• _WHAT YOU NEED TO DO_:
Everything in the listing below must be set down again exactly, apart from the pictures.

• _DATASET SECTION_:

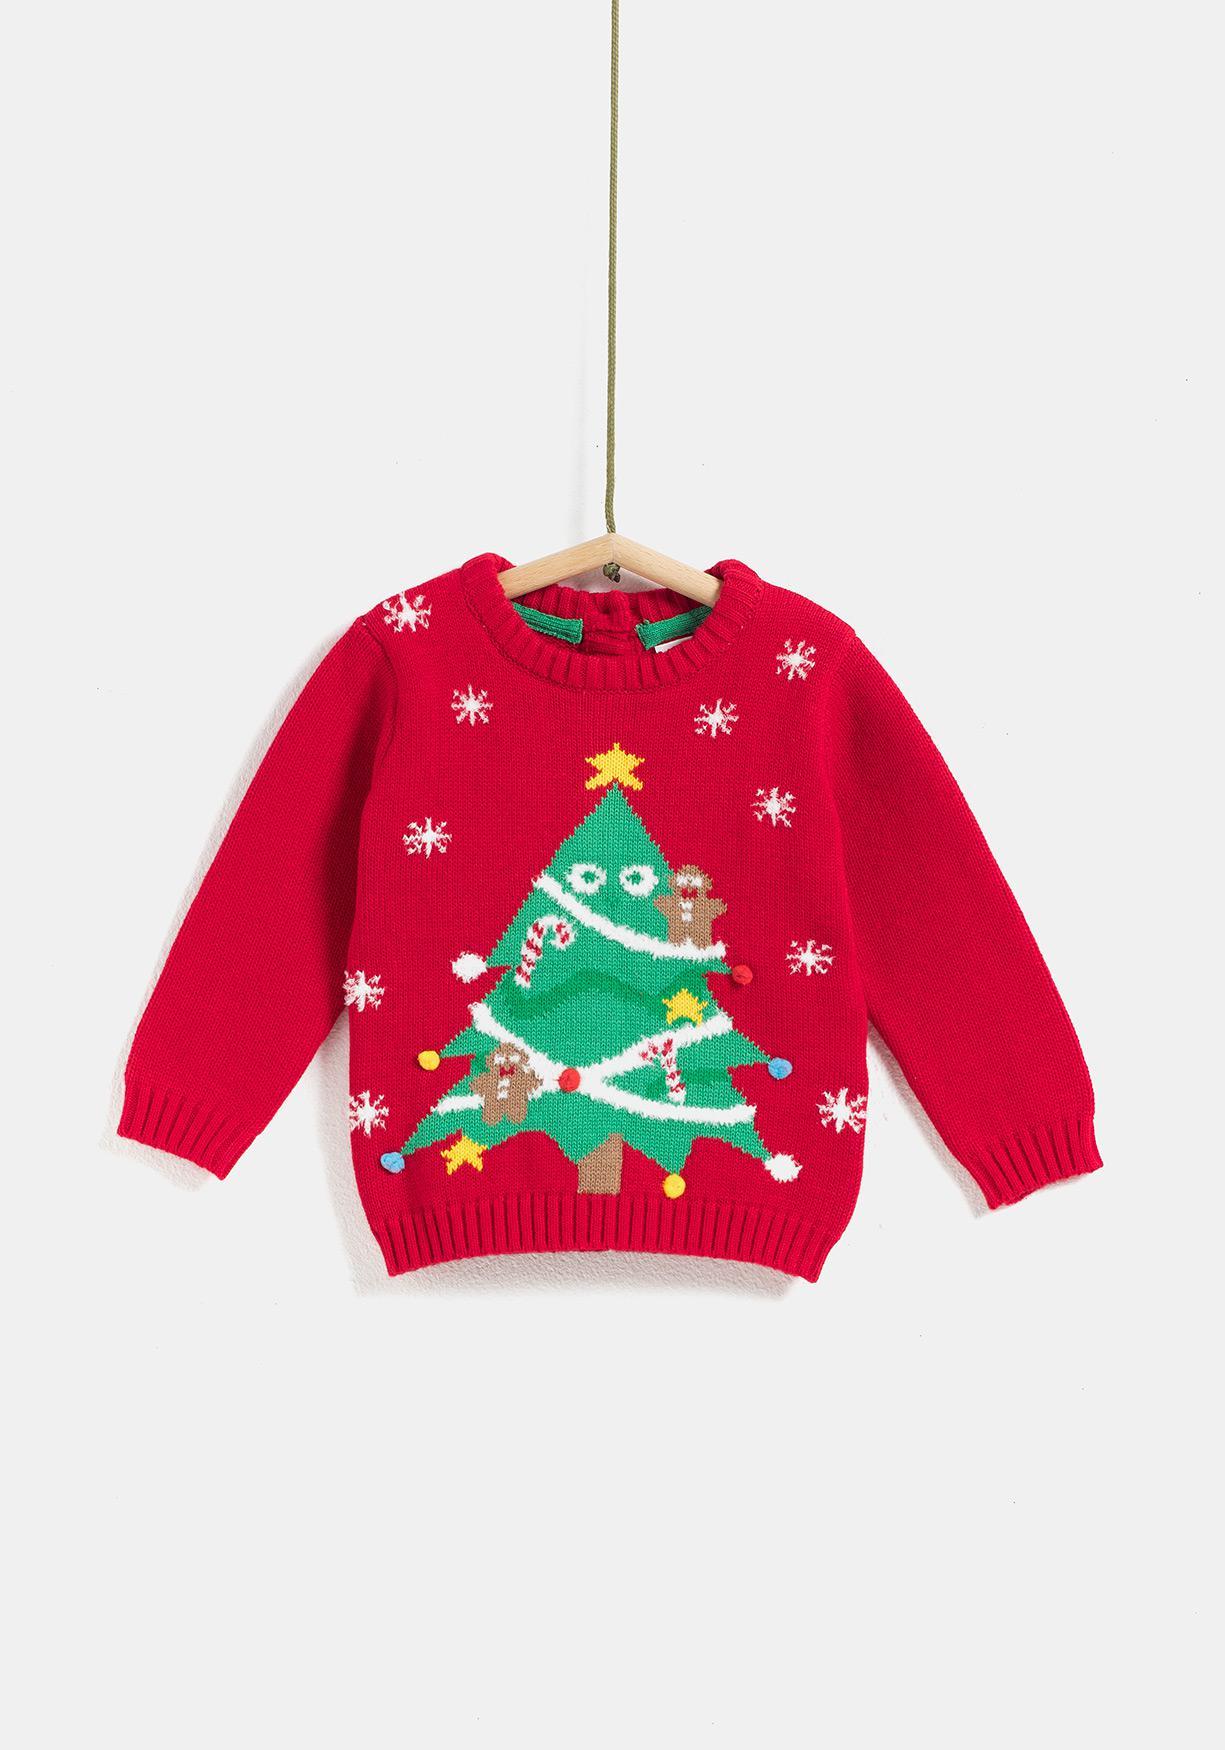 Comprar Jersey Navidad TEX. ¡Aprovéchate de nuestros precios y ... f6709ce2c
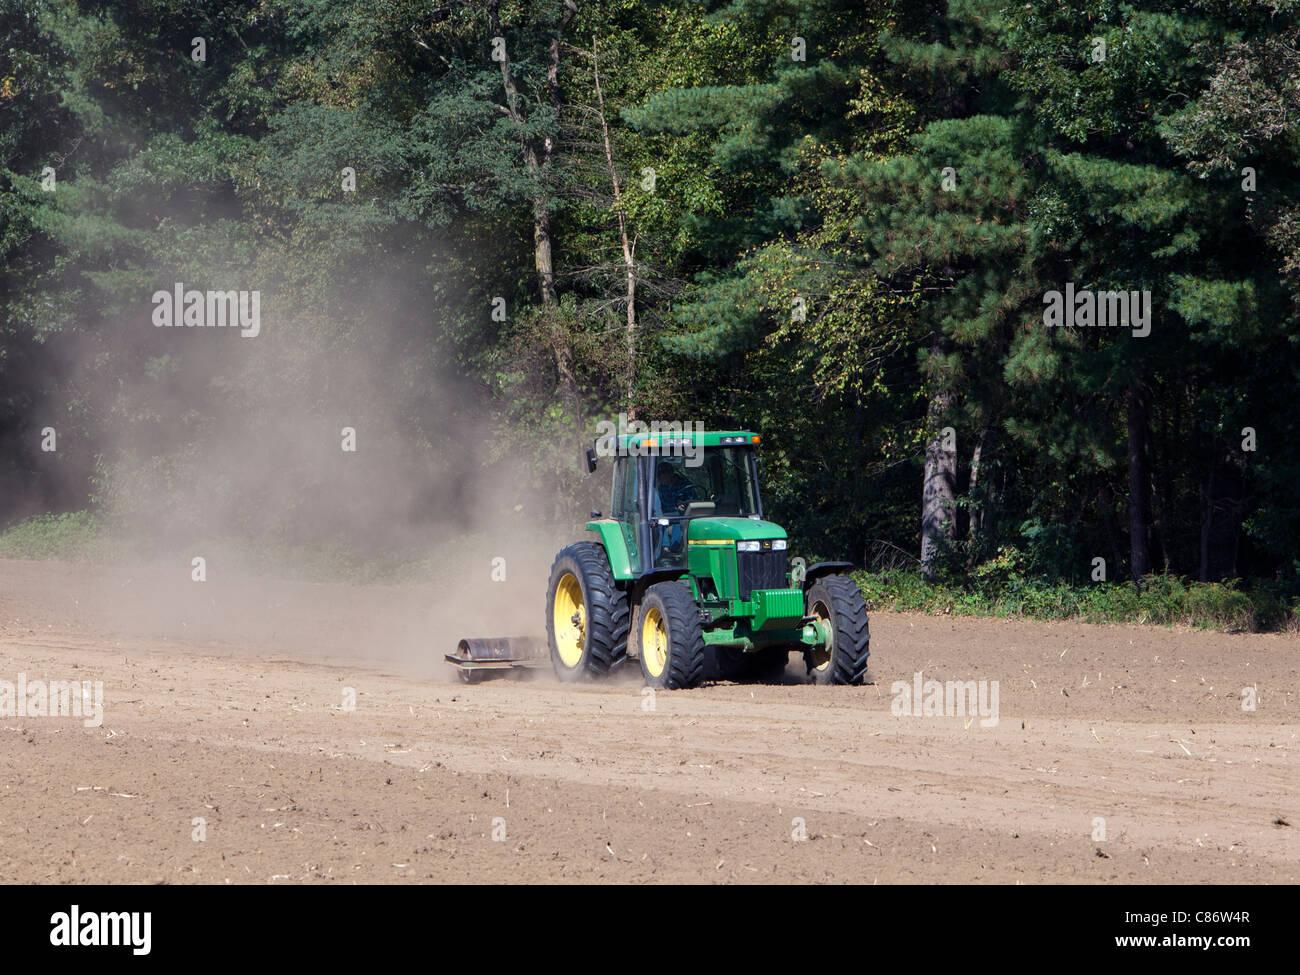 A green John Deere tractor working in a dusty field. - Stock Image
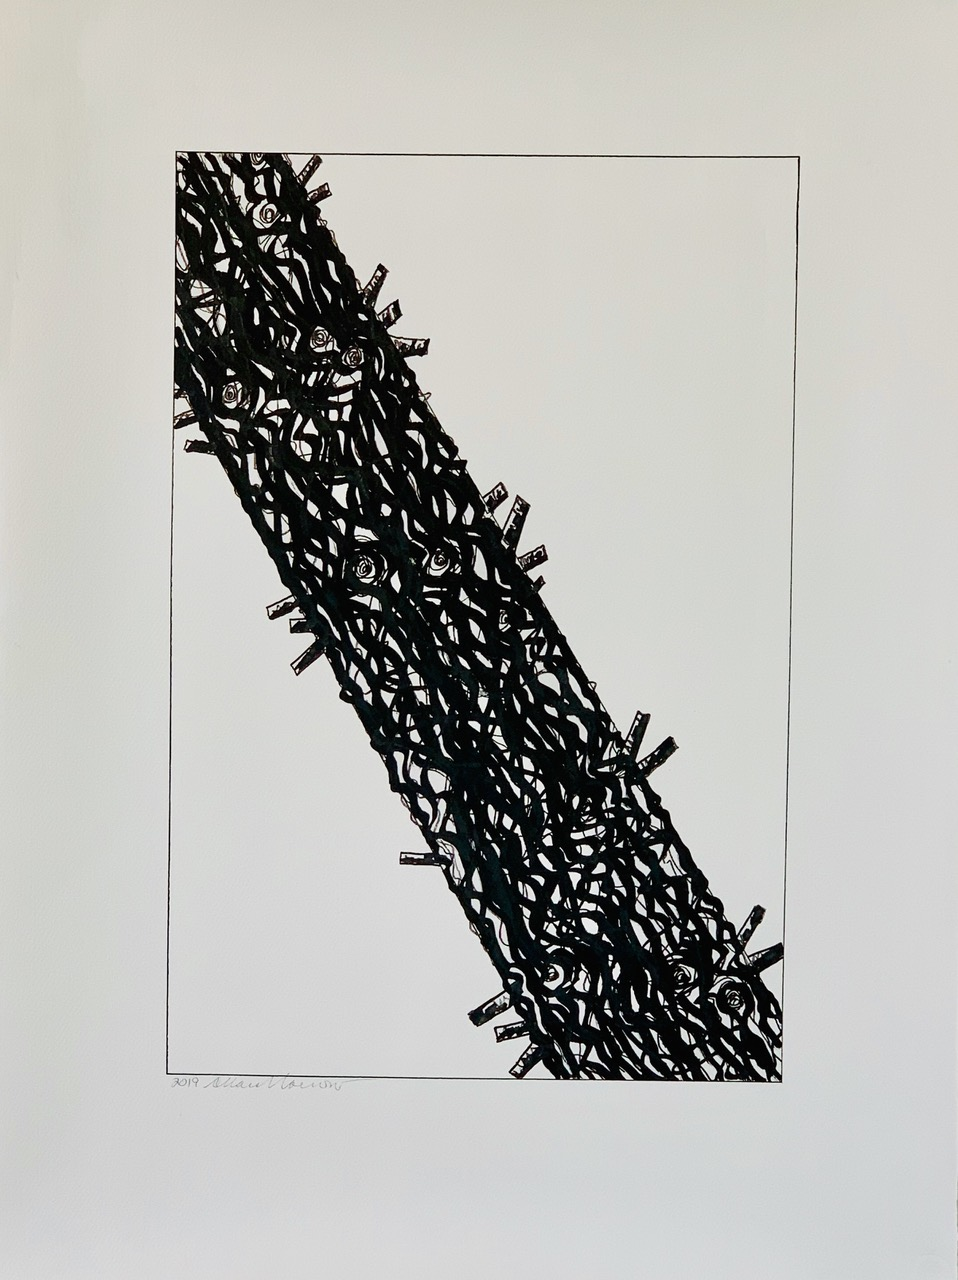 Burnt Tree Drawing 4-AF, 2019

• _SOLVED EXERCISE_:
 Comprar Jersey Navidad TEX. ¡Aprovéchate de nuestros precios y ... f6709ce2c
 A green John Deere tractor working in a dusty field. - Stock Image
 Burnt Tree Drawing 4-AF, 2019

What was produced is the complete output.